• _Dataset excerpt_:
##########
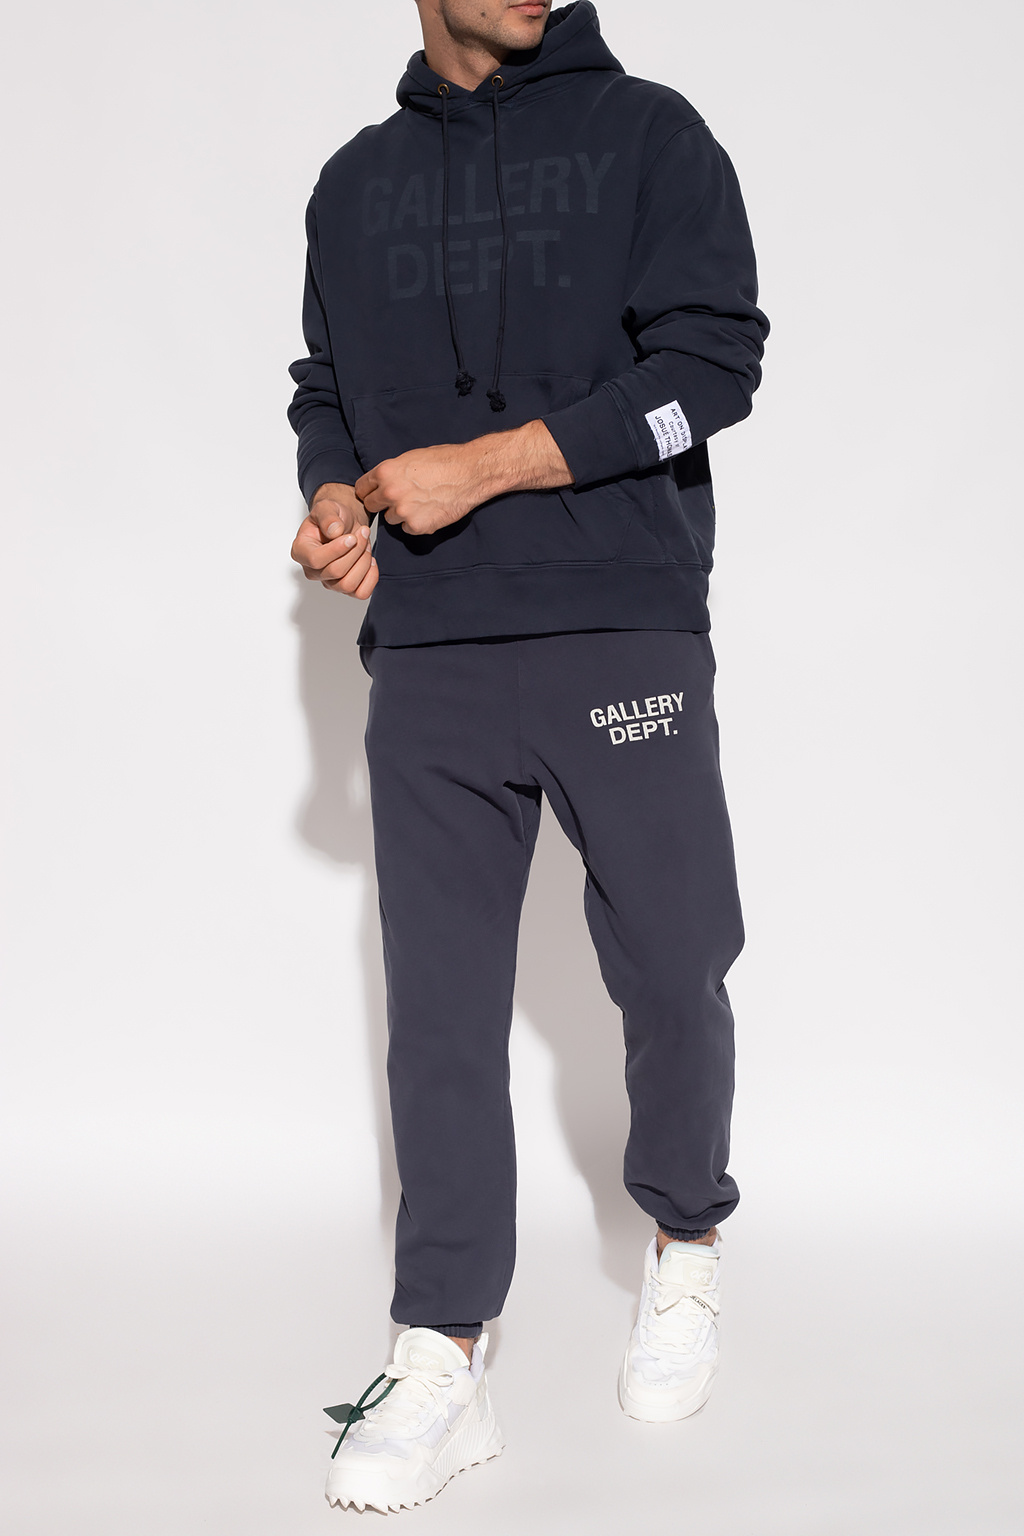 GALLERY DEPT JOGGER'S  Black hoodie men, Pants design, Pants for women
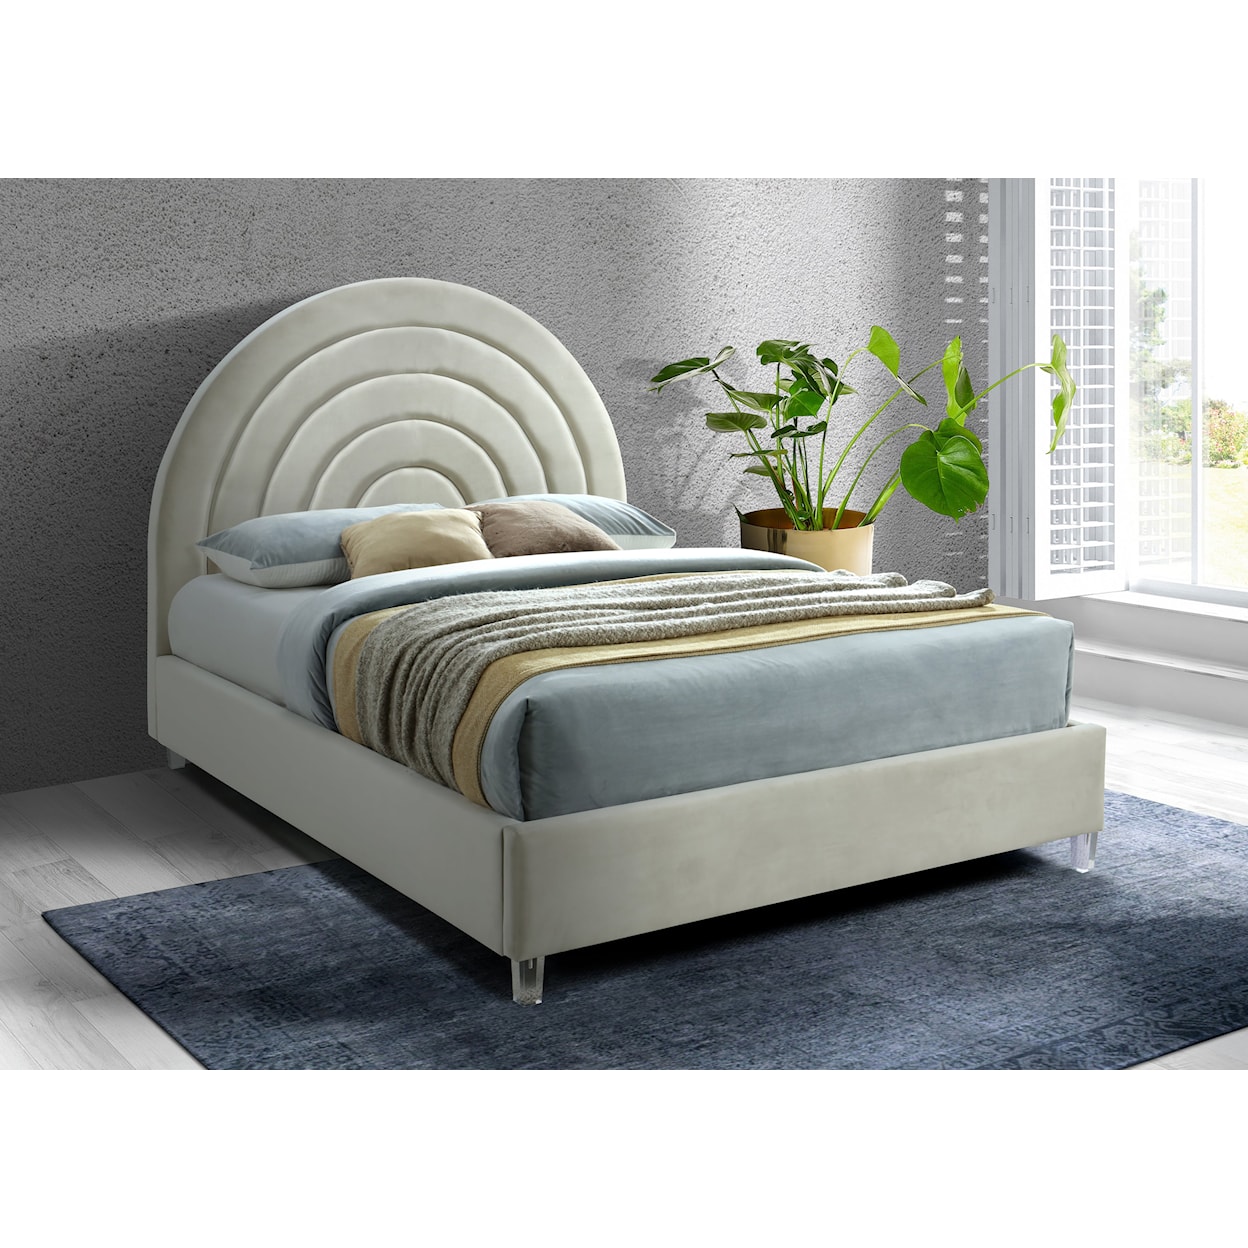 Meridian Furniture Rainbow Full Bed
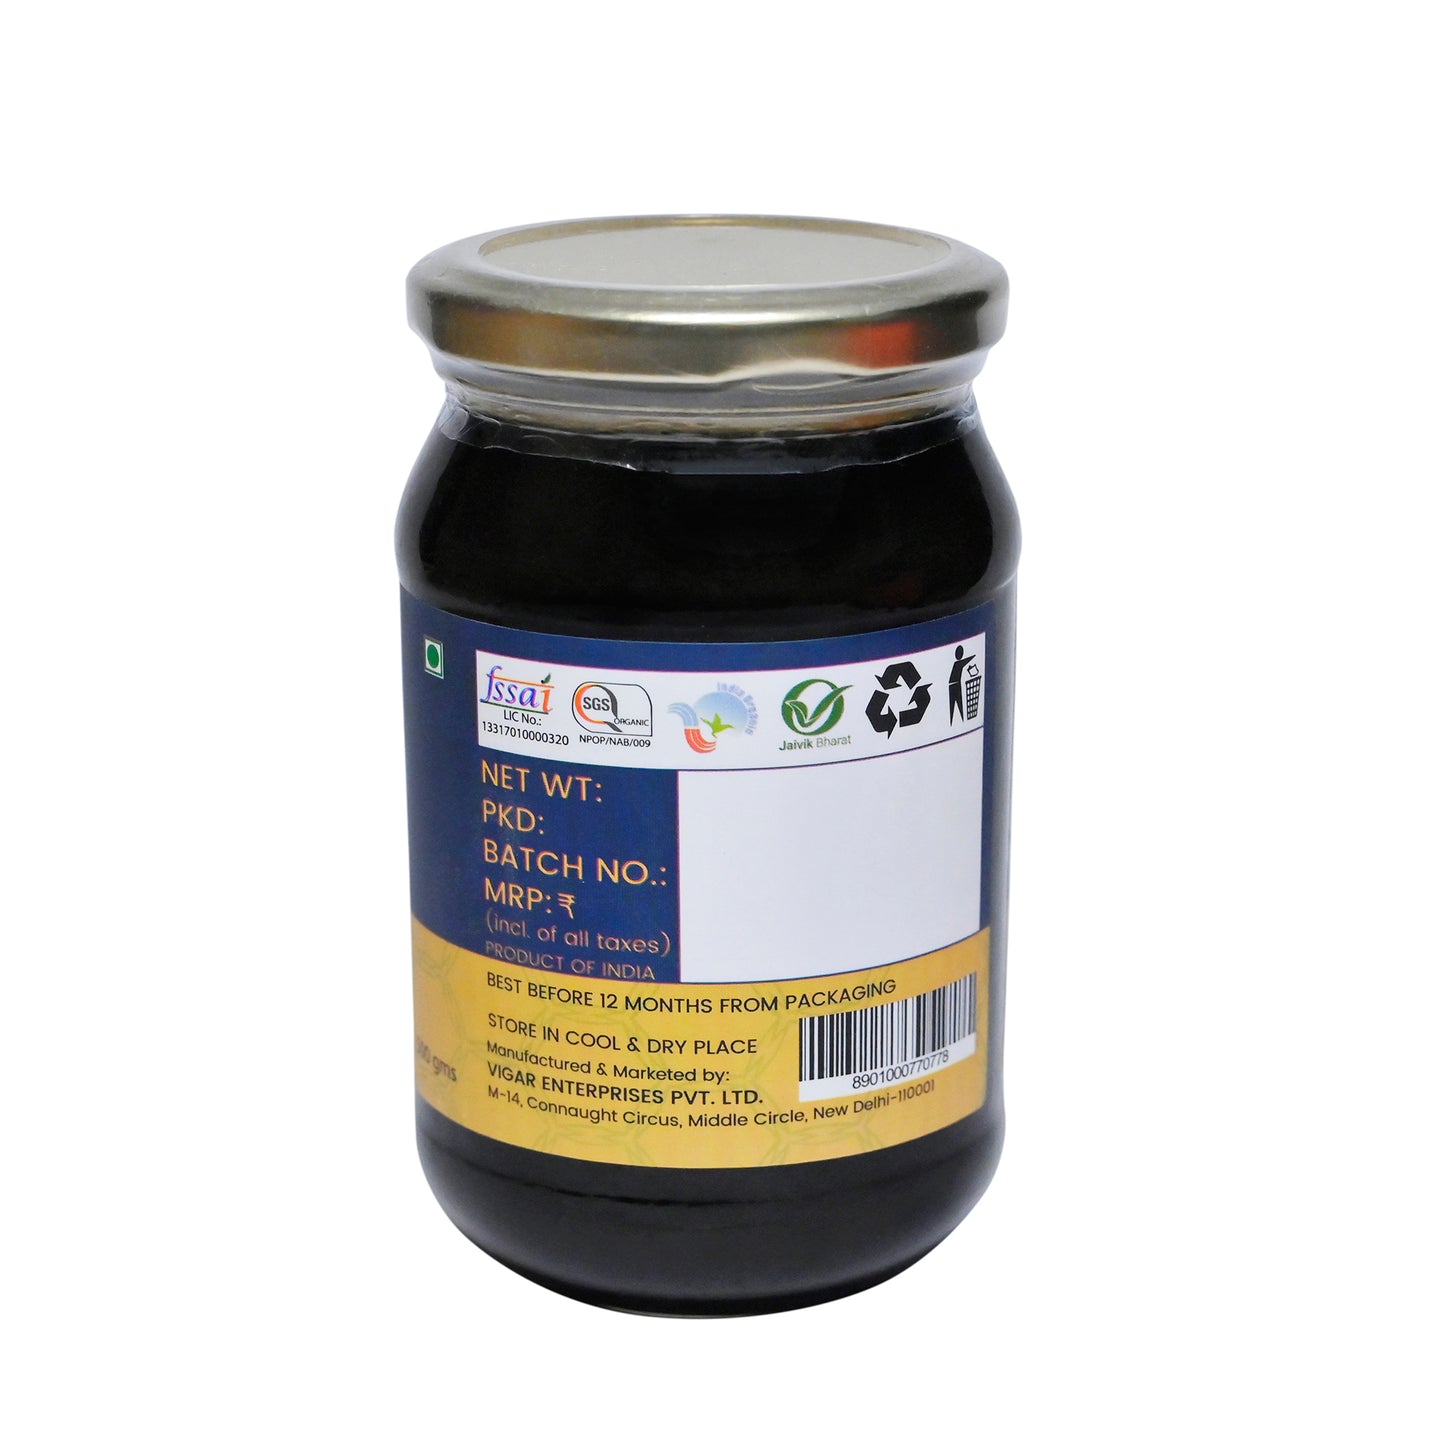 Organic Soul, Multi Floral Honey (500 gm), Multi Floral Raw Honey
##########
Exactly the lines from the one containing "Meridian Furniture Rainbow Full Bed" through the last line of the material above, both included and free of pictures, should make up your answer, please.

• _Task result_:
 Meridian Furniture Rainbow Full Bed
 Organic Soul, Multi Floral Honey (500 gm), Multi Floral Raw Honey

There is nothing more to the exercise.